Ligand‐Engineered Metal–Organic Cages Boost Charge Separation for Efficient Photocatalytic Synthesis of Hydrogen Peroxide in Pure Water

Photocatalytic synthesis of hydrogen peroxide (H2O2) offers a sustainable alternative to the traditional anthraquinone process, yet its efficiency is often hampered by the rapid recombination of photogenerated charges and the instability of reactive intermediates. Herein, we report a tetrahedral Zn(II) ion coordinated metal-organic cage (MOC) C3 constructed from a C3-symmetric terpyridine ligand incorporating pyridinium units. In pure water under an O2 atmosphere and without sacrificial agents, C3 exhibits an H2O2 generation rate of 678.15 µmol L-1 h-1. Moreover, the confined cavity of the MOC is proposed to help stabilize crucial intermediates (*OH from water oxidation and *OOH from oxygen reduction), thereby further promoting the catalytic performance.
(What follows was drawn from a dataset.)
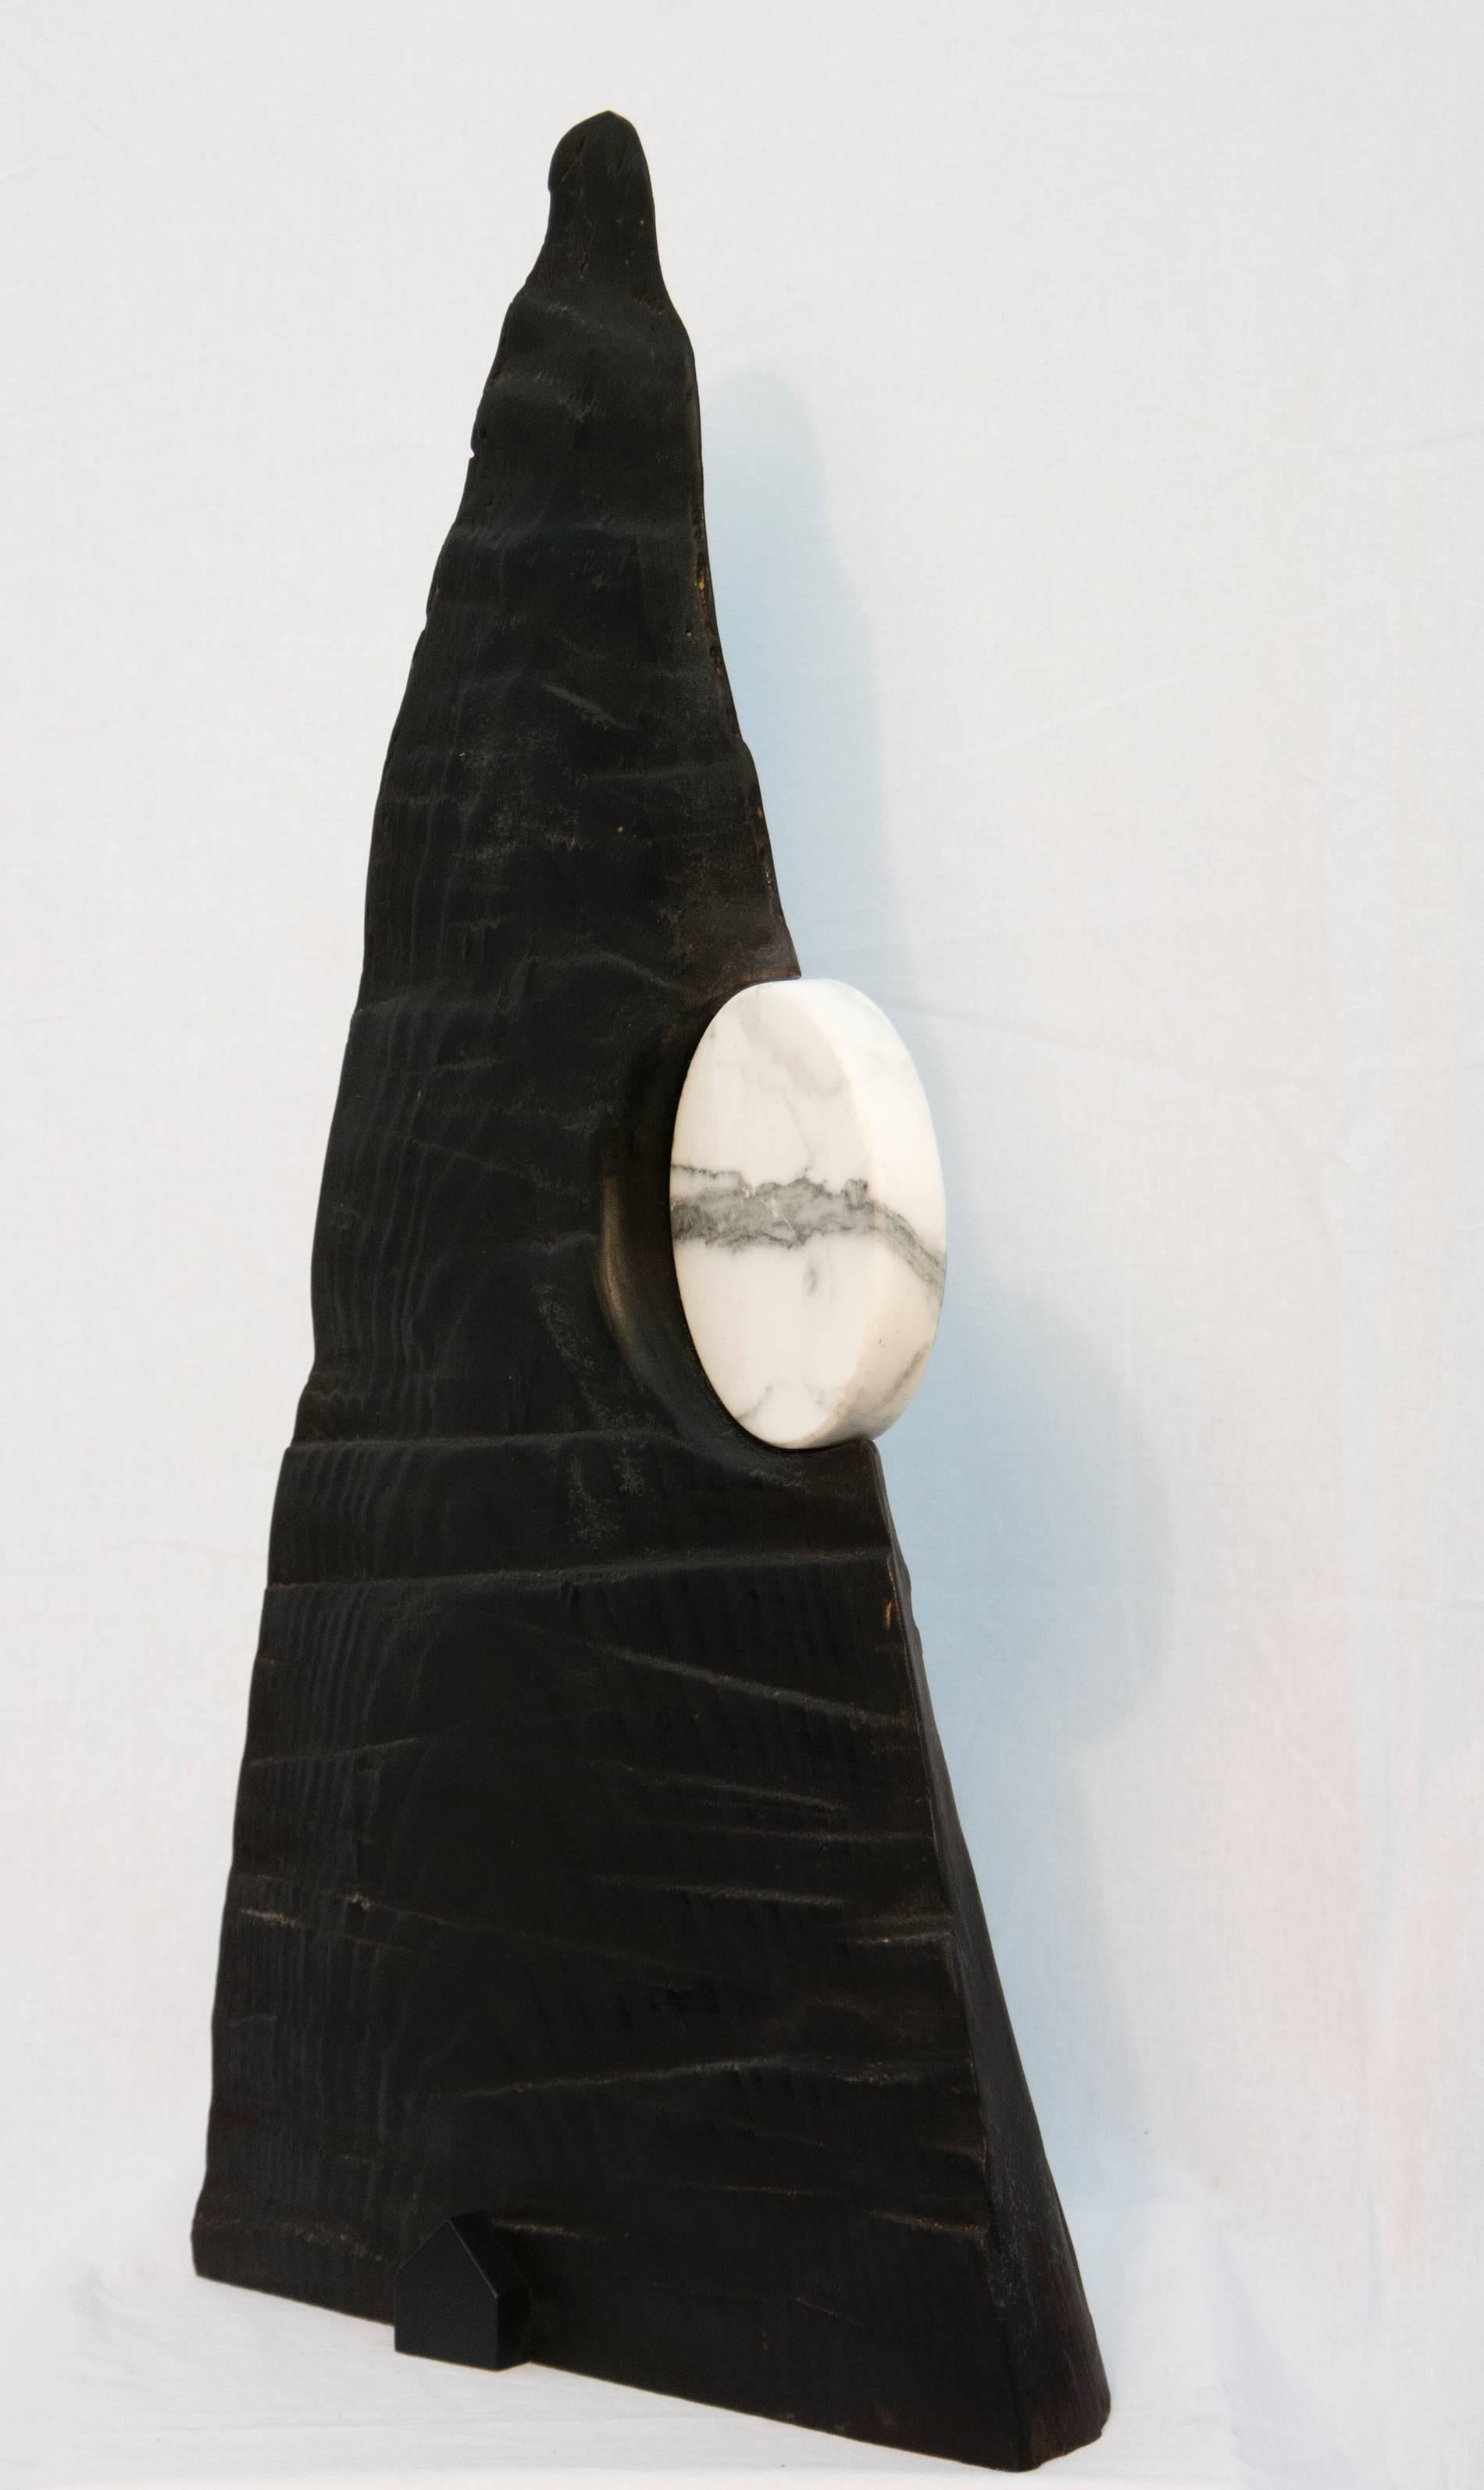 Edward Falkenberg Abstract Sculpture - Moon - dynamic, dark, modern, contemporary, abstract, wooden sculpture
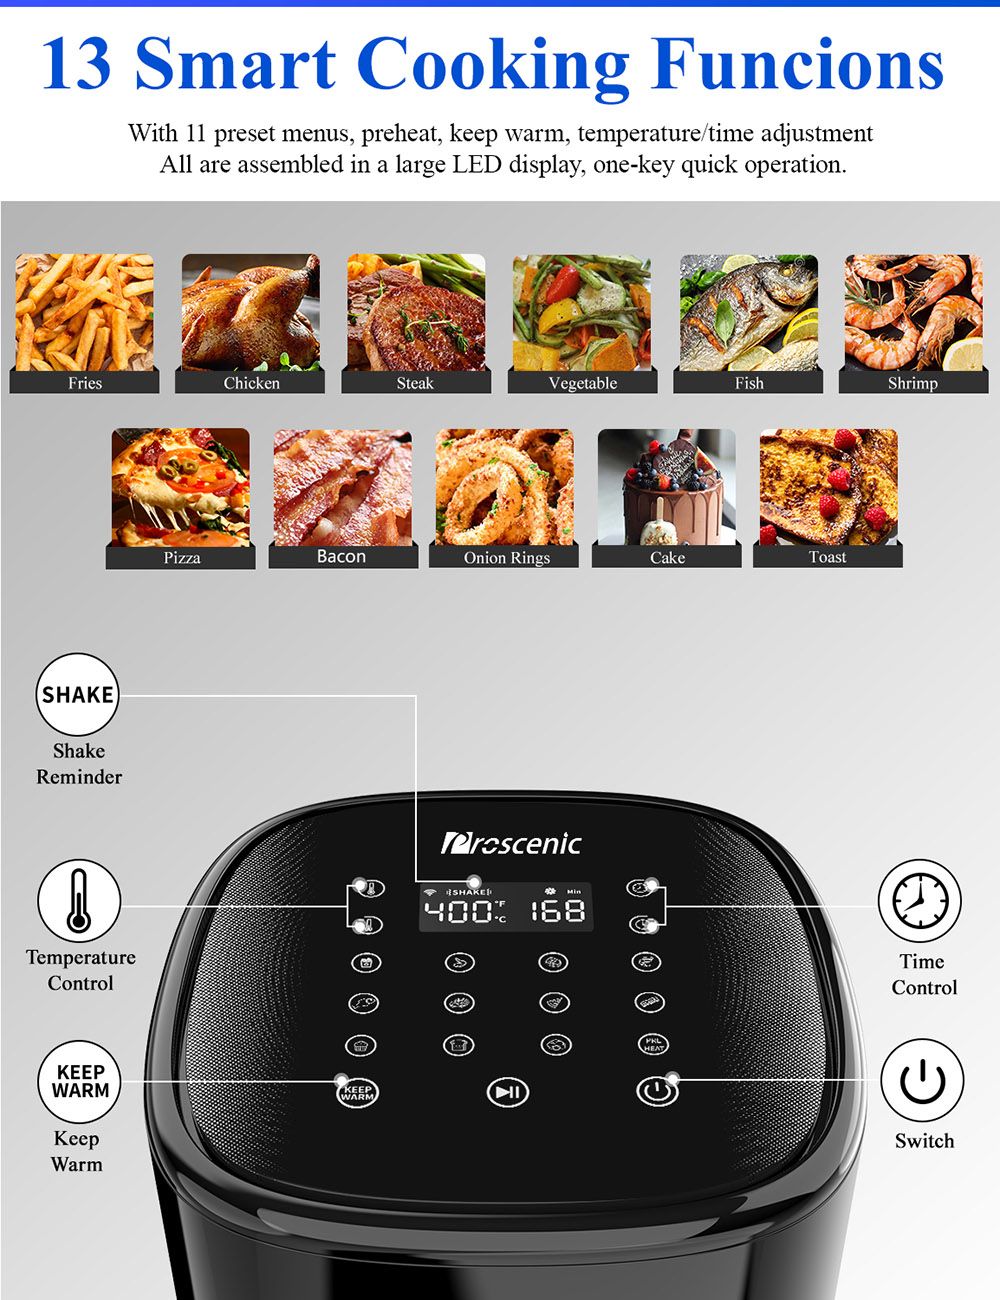 Proscenic T22 Smart Electric Air Fryer Безмасляная антипригарная сковорода 5L 3D HF Технология циркуляции Индивидуальные рецепты Светодиодный сенсорный экран Управление приложением - черный

This work illustrates a ligand-engineering strategy for photocatalyst design by employing functionalized ligands to construct MOC that primarily improve charge-separation efficiency and create directional electron-transfer channels within the cage framework, while the confined microenvironment secondarily stabilizes key reactive intermediates, thus offering a route toward advanced photocatalytic H2O2 generation.